Subject: Re: RAID kills the machine
To: Greg Oster <oster@cs.usask.ca>
From: Robert Elz <kre@munnari.OZ.AU>
List: current-users
Date: 08/26/2002 23:57:11
Date: Fri, 23 Aug 2002 08:39:27 -0600
From: Greg Oster <oster@cs.usask.ca>
Message-ID: <20020823143927.6C37255C02@cs.usask.ca>
[Tobias Schuepp <netbsd@schuepp.net>]
| > I can reproduce that. Does it belong to my disks or is it a bug in
| > raidframe?
Neither of those, it is the ahc driver.
I sent in a PR (kern/11180) in October 2000 about this, and Greg Woods
moans about it whenever he gets the chance (this mail probably being
an invitation for more) which might be why no-one can be bothered to
fix it...
There are probably other PRs as well.
Whenever multiple drives are active on the controller at the same time,
there's a possibility the controller will hang (get into an obscure state,
or something). Raid is a good way (the best way probably) to really
get the controller busy on multiple drives simultaneously.

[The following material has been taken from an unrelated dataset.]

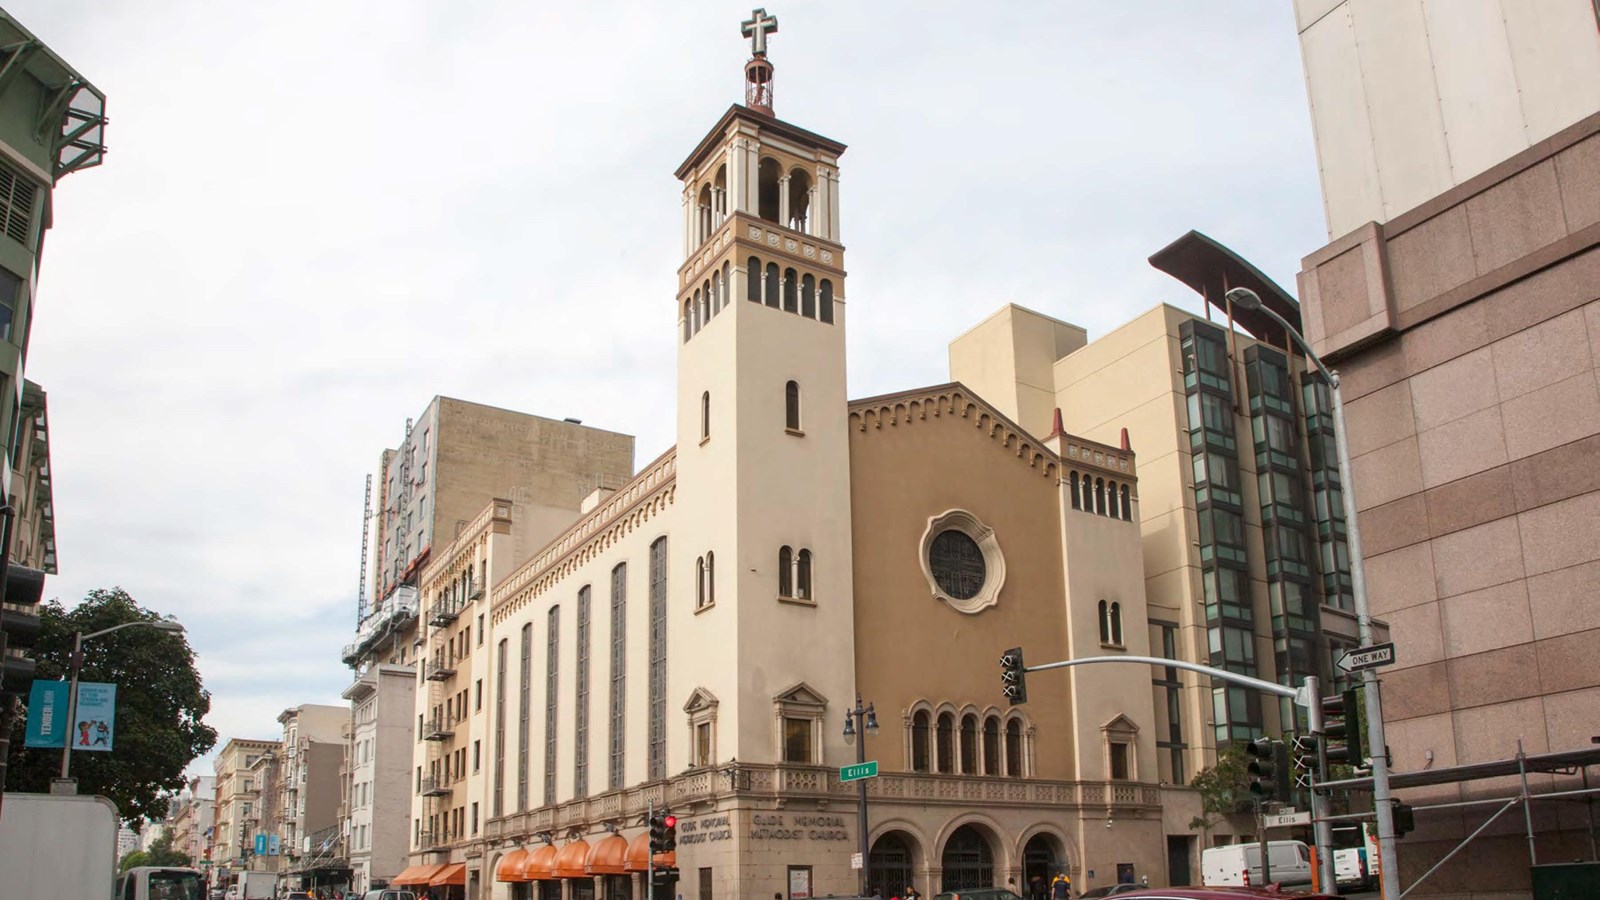 Tall, sand-colored church with a tower on a San Francisco corner

The PR also reported a raidframe problem that you (Greg) fixed a day or
two later, so that part of the PR is irrelevant now.
| It's a problem with your disks, cables, SCSI termination,
| or something related to the SCSI bus.
Well, I guess the last of those counts, in that the driver is
"something related to the scsi bus"...
| The disks are having serious enough problems that RAIDframe
| thinks both have failed, and (currently) it just stops the kernel.
Yes, it isn't a raidframe problem (though sometime in the future, having
raid act just like a drive failure would be better - just return i/o
error). In many cases that will often cause the system to panic pretty
soon after, but it should be possible to have a raidframe where one of
the components is an underlying raidframe, and in that case, all that
should happen is that the higher one should see a component failure.
kre